-- Data excerpt --
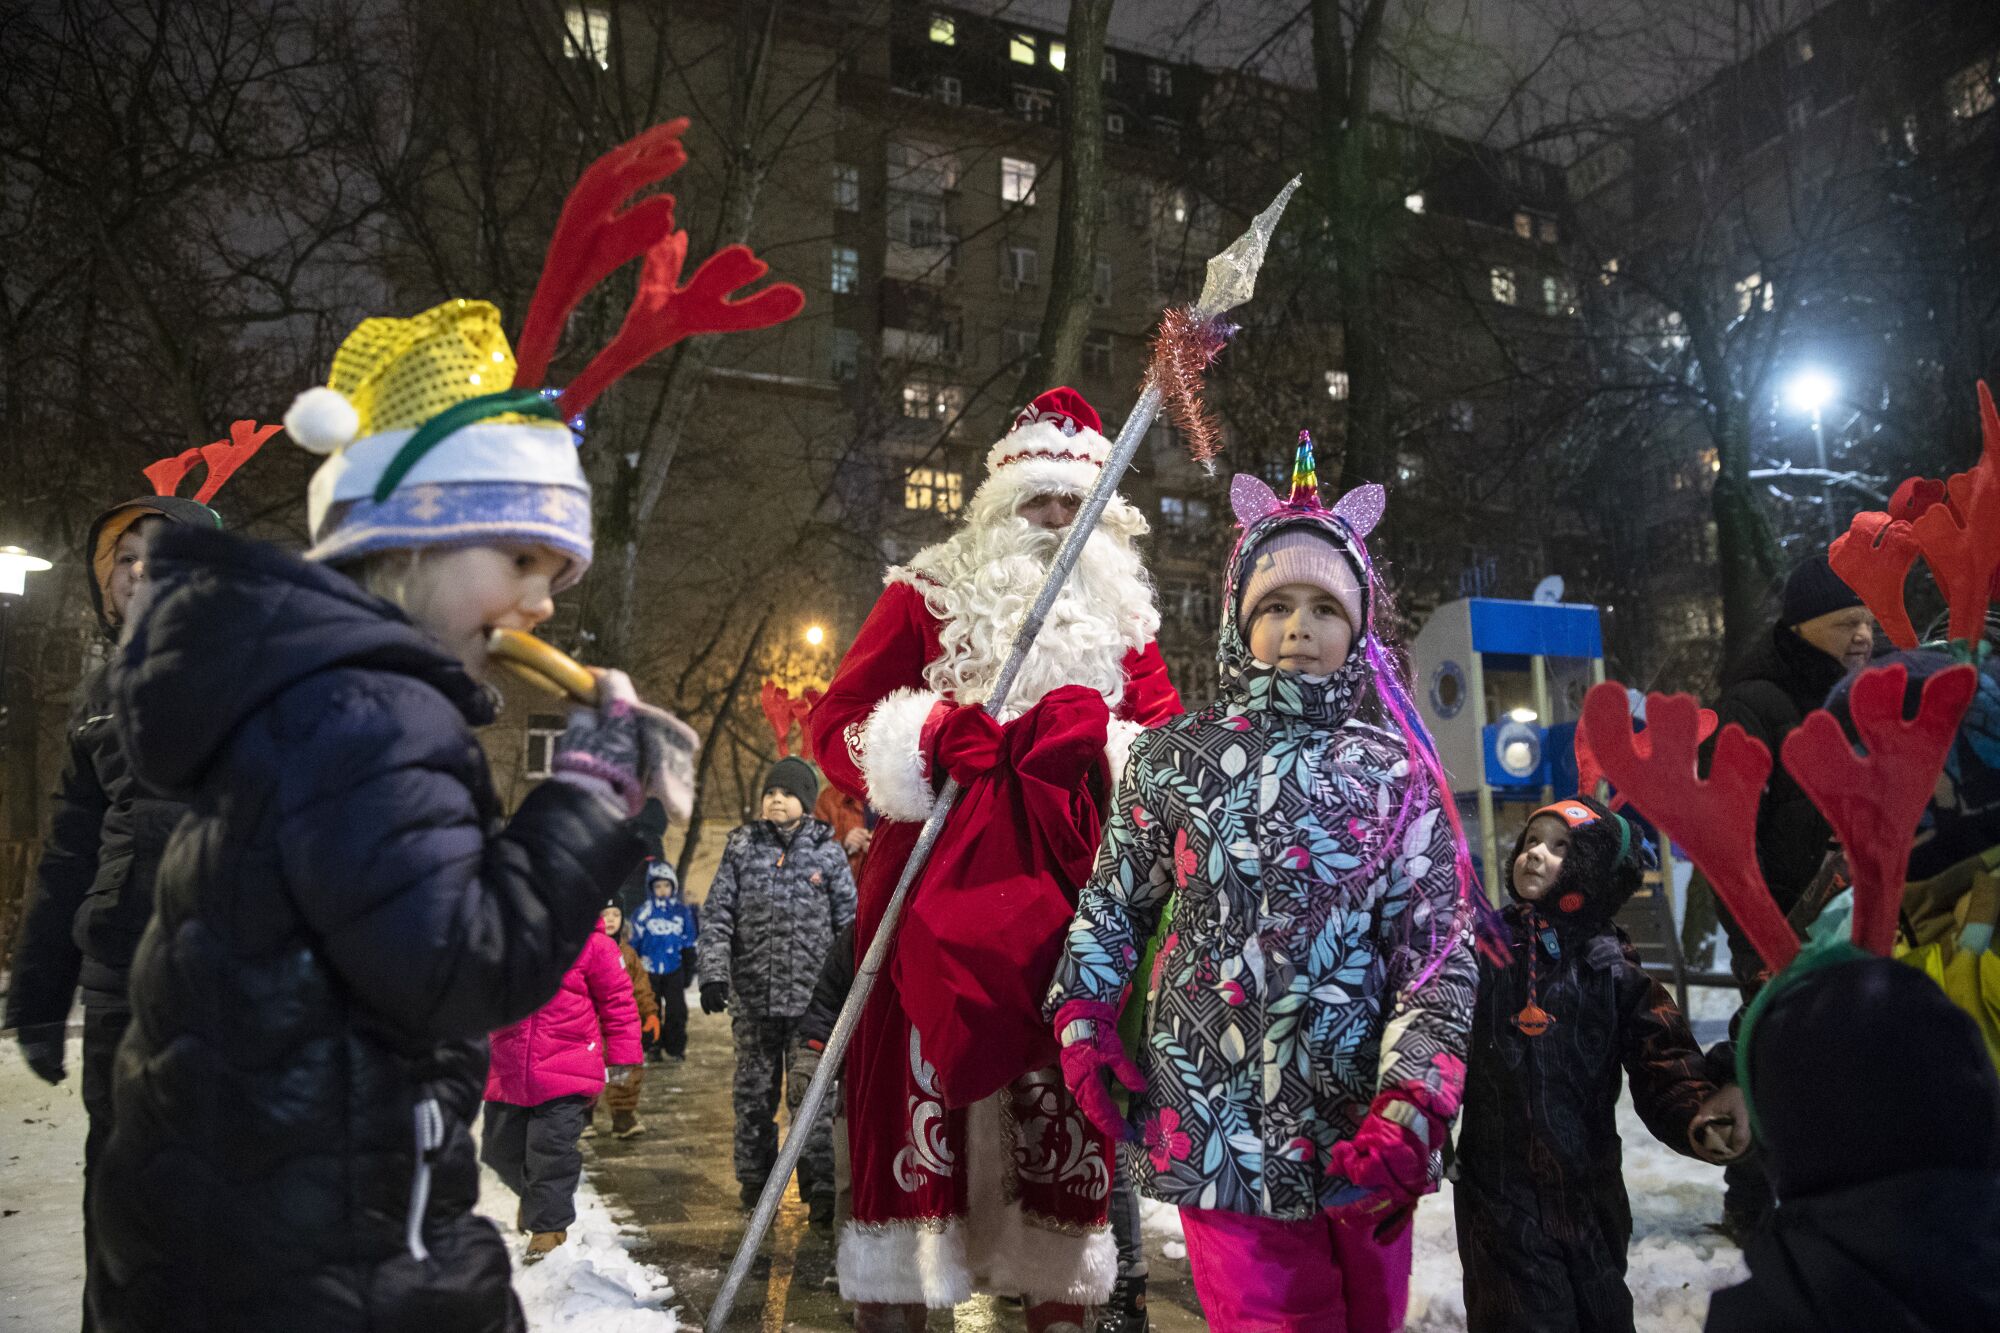 A boy eats a soft pretzel and a girl wears a unicorn headband near a man dressed as Santa Claus.
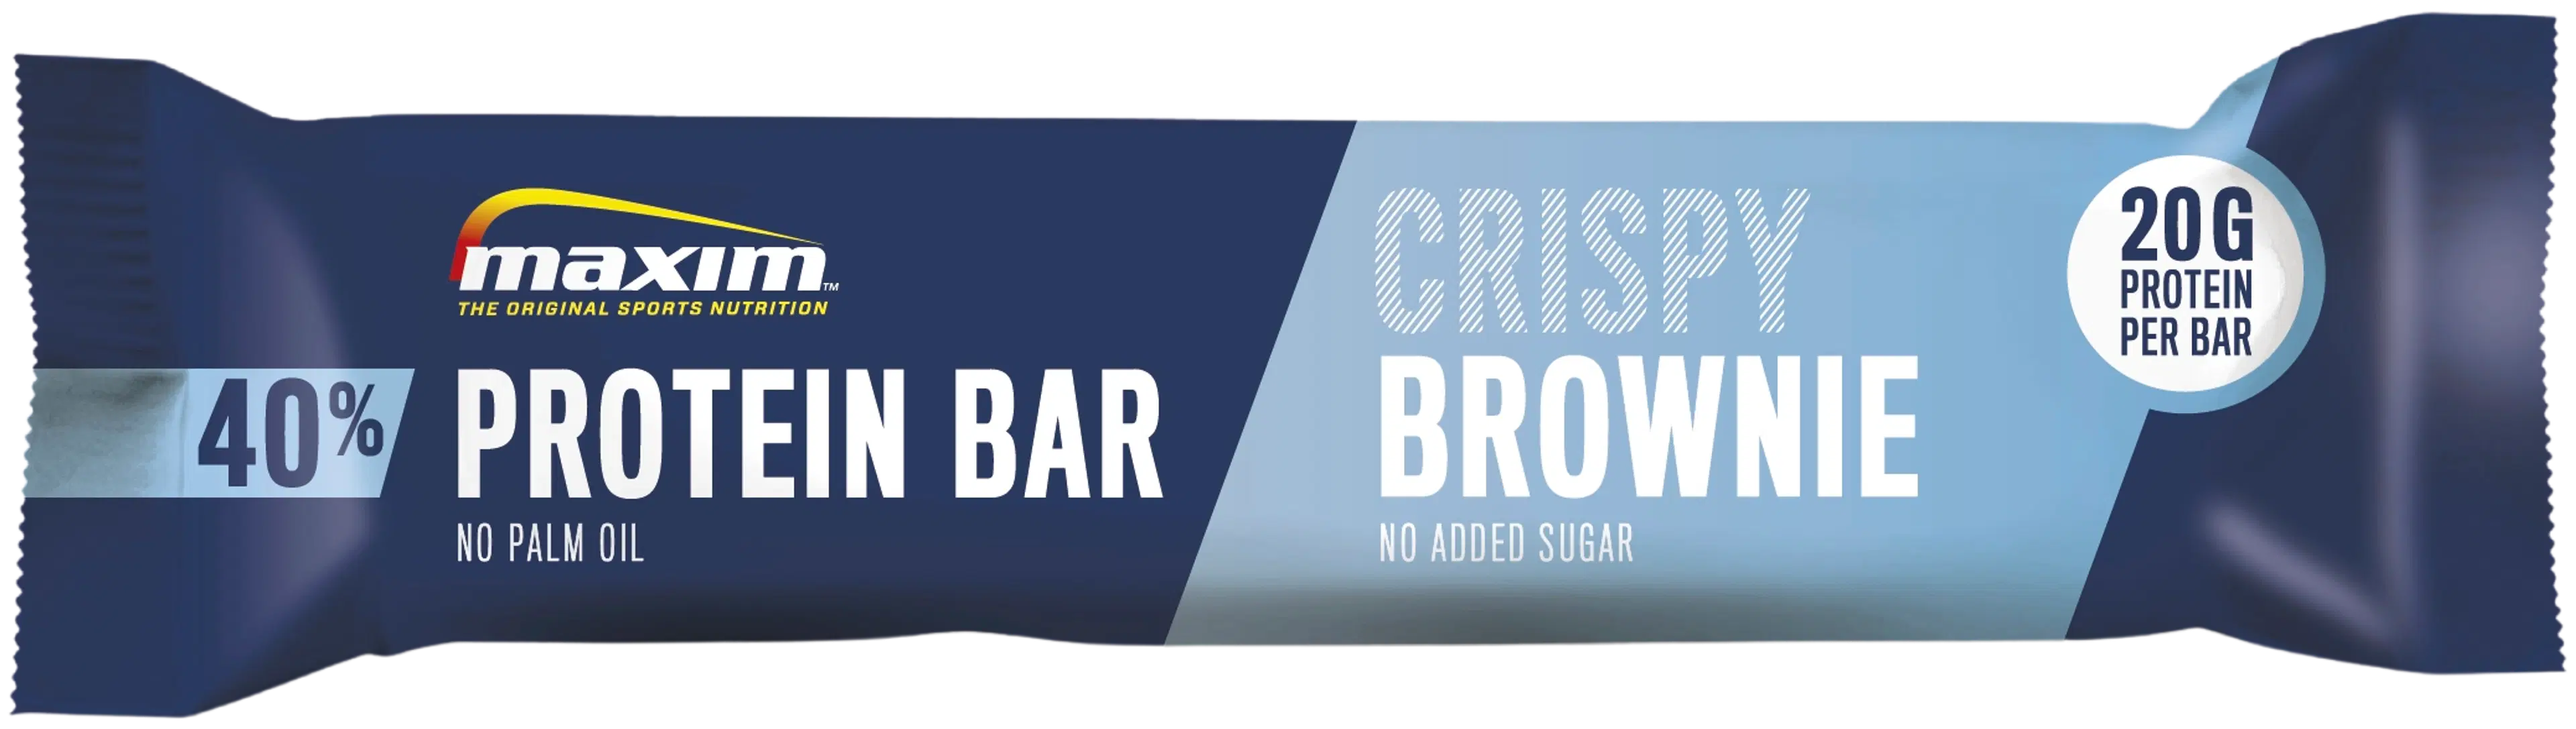 Maxim Crispy Brownie 40% Protein Bar Crispy Brownie proteiinipatukka 50g
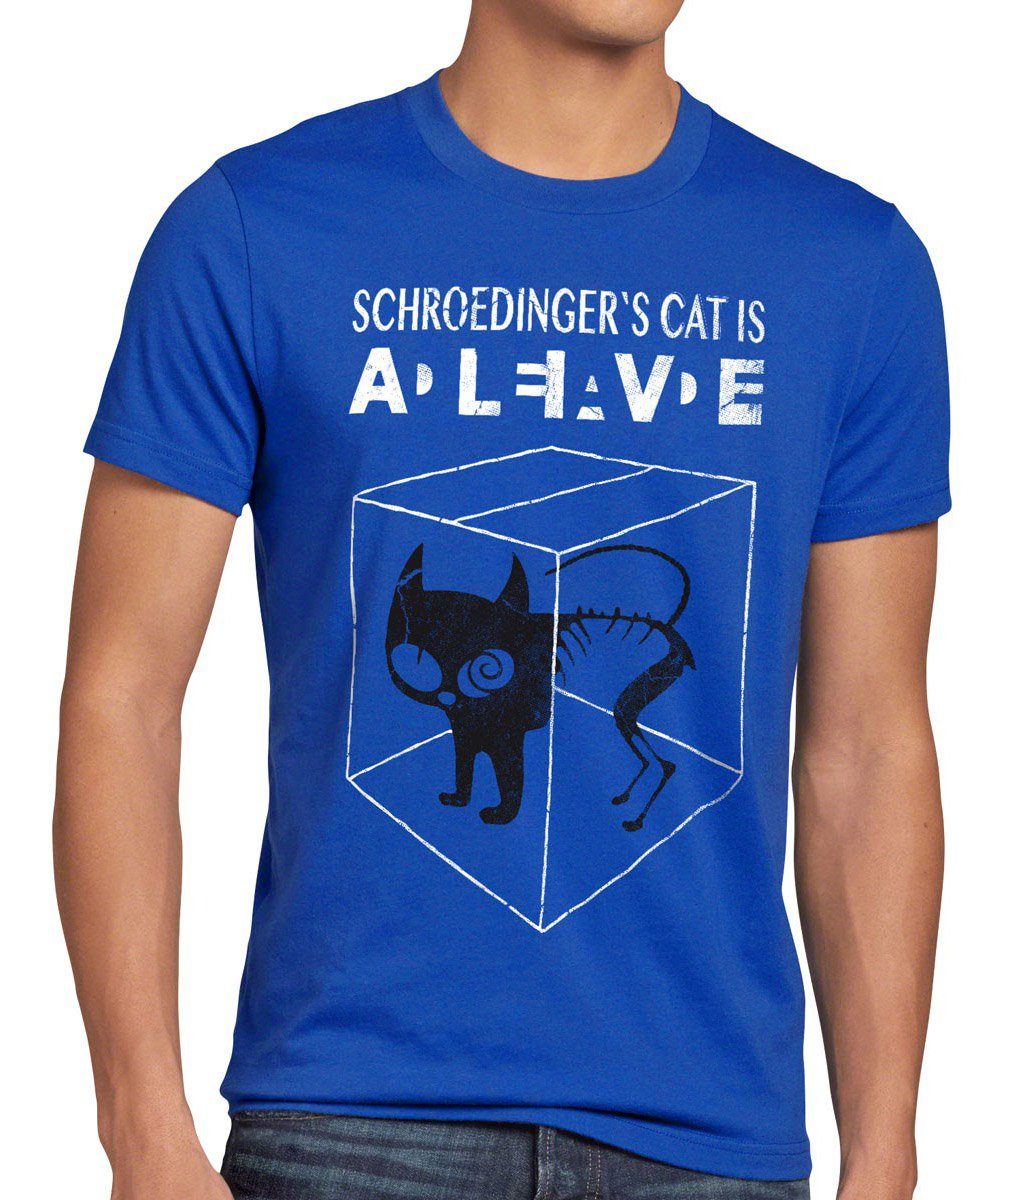 style3 Print-Shirt Herren T-Shirt Schroedinger's Katze Big Bang Sheldon schrödingers Theory cat neu blau
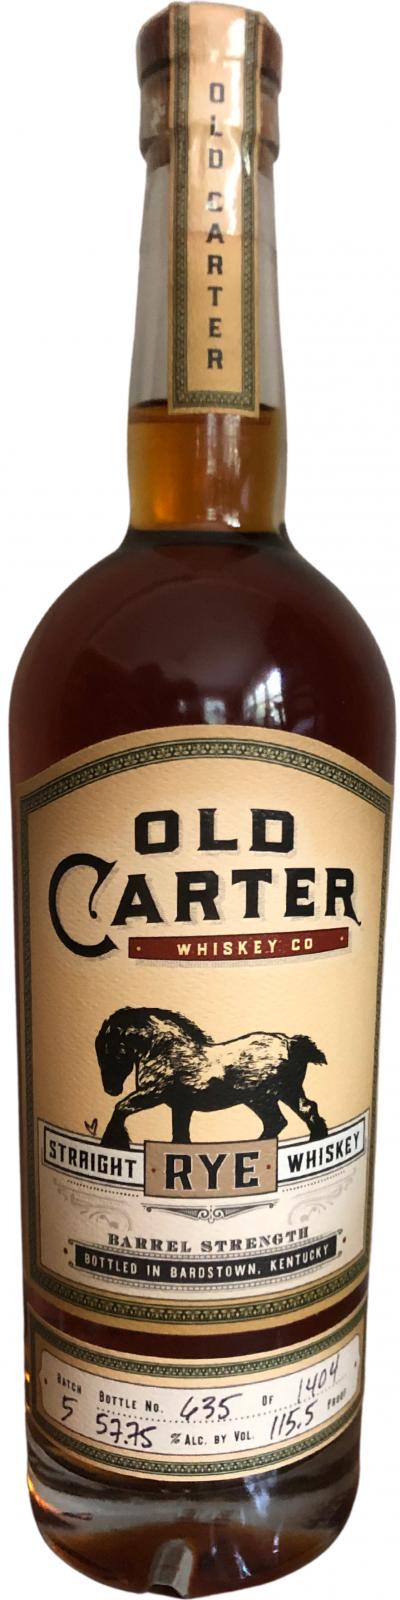 Old Carter Straight Rye Whisky Barrel Strength 57.75% 750ml

-- Exercise instructions --
Copy every line above exactly; images stay out.

-- Written answer --
 A boy eats a soft pretzel and a girl wears a unicorn headband near a man dressed as Santa Claus.
 Maxim Crispy Brownie 40% Protein Bar Crispy Brownie proteiinipatukka 50g
 style3 Print-Shirt Herren T-Shirt Schroedinger's Katze Big Bang Sheldon schrödingers Theory cat neu blau
 Old Carter Straight Rye Whisky Barrel Strength 57.75% 750ml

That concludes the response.